Output exactly the lines below, starting with the line that has "team Rodruza /" and going on through the line that has "1-комнатная квартира (39м2)", both included, and no other lines.

**Excerpts from a dataset**
───

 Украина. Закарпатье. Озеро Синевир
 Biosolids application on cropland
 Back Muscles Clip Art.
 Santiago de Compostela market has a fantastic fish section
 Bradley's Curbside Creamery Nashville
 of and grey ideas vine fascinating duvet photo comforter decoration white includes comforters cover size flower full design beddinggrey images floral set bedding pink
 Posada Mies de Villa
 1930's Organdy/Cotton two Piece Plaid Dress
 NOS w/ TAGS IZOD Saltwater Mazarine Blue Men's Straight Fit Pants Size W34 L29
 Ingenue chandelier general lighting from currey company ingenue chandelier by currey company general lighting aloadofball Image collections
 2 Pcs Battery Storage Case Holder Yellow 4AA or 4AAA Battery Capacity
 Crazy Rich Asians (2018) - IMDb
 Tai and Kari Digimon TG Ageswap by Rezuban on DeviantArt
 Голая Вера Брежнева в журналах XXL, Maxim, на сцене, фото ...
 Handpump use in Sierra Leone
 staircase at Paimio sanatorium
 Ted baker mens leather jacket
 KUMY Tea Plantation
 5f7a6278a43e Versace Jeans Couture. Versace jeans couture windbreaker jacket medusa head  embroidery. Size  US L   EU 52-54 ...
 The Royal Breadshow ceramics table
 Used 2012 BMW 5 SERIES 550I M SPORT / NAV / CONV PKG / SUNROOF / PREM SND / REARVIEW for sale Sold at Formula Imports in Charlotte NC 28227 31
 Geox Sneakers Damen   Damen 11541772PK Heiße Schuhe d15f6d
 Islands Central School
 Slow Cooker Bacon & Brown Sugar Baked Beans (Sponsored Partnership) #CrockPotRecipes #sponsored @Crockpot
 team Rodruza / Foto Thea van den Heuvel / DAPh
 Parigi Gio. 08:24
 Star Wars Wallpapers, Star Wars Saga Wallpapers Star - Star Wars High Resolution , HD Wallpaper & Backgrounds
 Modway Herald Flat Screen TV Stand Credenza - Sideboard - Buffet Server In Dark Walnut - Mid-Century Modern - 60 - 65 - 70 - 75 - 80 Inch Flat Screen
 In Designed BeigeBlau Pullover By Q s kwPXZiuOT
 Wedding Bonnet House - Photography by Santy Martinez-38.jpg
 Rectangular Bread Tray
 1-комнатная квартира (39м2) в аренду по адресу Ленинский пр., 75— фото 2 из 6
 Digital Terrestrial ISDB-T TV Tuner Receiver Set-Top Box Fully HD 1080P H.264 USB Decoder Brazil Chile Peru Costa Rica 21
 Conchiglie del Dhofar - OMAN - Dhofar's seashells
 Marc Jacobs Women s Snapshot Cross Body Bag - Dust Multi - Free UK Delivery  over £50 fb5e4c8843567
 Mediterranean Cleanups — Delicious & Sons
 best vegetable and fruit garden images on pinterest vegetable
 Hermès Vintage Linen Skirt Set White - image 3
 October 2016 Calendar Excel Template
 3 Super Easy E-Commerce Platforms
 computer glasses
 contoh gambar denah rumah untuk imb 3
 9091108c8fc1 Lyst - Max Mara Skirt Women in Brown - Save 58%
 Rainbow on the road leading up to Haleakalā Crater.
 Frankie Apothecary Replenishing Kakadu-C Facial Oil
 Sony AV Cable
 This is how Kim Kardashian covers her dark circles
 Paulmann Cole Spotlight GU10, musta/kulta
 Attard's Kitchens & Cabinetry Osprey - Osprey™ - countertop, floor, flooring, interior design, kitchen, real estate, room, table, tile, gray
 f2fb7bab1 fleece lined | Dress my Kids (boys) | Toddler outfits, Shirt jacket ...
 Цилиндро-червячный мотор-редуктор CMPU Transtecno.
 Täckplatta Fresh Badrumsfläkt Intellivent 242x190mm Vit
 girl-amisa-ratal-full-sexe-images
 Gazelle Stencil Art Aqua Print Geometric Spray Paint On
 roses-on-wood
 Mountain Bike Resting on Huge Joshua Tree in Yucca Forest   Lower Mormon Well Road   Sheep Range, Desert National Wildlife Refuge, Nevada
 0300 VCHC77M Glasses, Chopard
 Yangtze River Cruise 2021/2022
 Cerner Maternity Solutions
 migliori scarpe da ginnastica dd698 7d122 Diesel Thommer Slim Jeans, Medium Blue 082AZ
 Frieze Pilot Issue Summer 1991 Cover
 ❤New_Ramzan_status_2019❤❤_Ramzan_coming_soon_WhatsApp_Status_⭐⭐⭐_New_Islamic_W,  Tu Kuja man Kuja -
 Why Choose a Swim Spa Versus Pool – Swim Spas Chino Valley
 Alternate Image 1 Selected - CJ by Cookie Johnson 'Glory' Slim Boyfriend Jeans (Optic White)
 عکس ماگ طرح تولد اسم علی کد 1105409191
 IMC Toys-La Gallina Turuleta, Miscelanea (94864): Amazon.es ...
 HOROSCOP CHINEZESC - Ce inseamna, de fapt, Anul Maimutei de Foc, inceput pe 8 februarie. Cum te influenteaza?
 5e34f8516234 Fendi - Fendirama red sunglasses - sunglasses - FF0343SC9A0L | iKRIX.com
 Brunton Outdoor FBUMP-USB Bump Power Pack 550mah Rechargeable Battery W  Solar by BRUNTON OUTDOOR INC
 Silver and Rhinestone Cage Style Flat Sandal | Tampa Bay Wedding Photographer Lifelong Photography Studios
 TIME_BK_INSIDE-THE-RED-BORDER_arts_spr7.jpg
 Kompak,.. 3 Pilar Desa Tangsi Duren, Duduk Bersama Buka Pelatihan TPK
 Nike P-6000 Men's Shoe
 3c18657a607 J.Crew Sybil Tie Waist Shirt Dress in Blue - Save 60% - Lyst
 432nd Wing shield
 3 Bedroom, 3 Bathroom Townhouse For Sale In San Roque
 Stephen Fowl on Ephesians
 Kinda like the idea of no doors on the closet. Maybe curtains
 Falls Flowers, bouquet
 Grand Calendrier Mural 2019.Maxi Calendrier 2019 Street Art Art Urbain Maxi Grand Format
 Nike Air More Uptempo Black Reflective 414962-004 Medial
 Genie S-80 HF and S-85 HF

───

**ANSWER FOR THIS EXERCISE**
 team Rodruza / Foto Thea van den Heuvel / DAPh
 Parigi Gio. 08:24
 Star Wars Wallpapers, Star Wars Saga Wallpapers Star - Star Wars High Resolution , HD Wallpaper & Backgrounds
 Modway Herald Flat Screen TV Stand Credenza - Sideboard - Buffet Server In Dark Walnut - Mid-Century Modern - 60 - 65 - 70 - 75 - 80 Inch Flat Screen
 In Designed BeigeBlau Pullover By Q s kwPXZiuOT
 Wedding Bonnet House - Photography by Santy Martinez-38.jpg
 Rectangular Bread Tray
 1-комнатная квартира (39м2) в аренду по адресу Ленинский пр., 75— фото 2 из 6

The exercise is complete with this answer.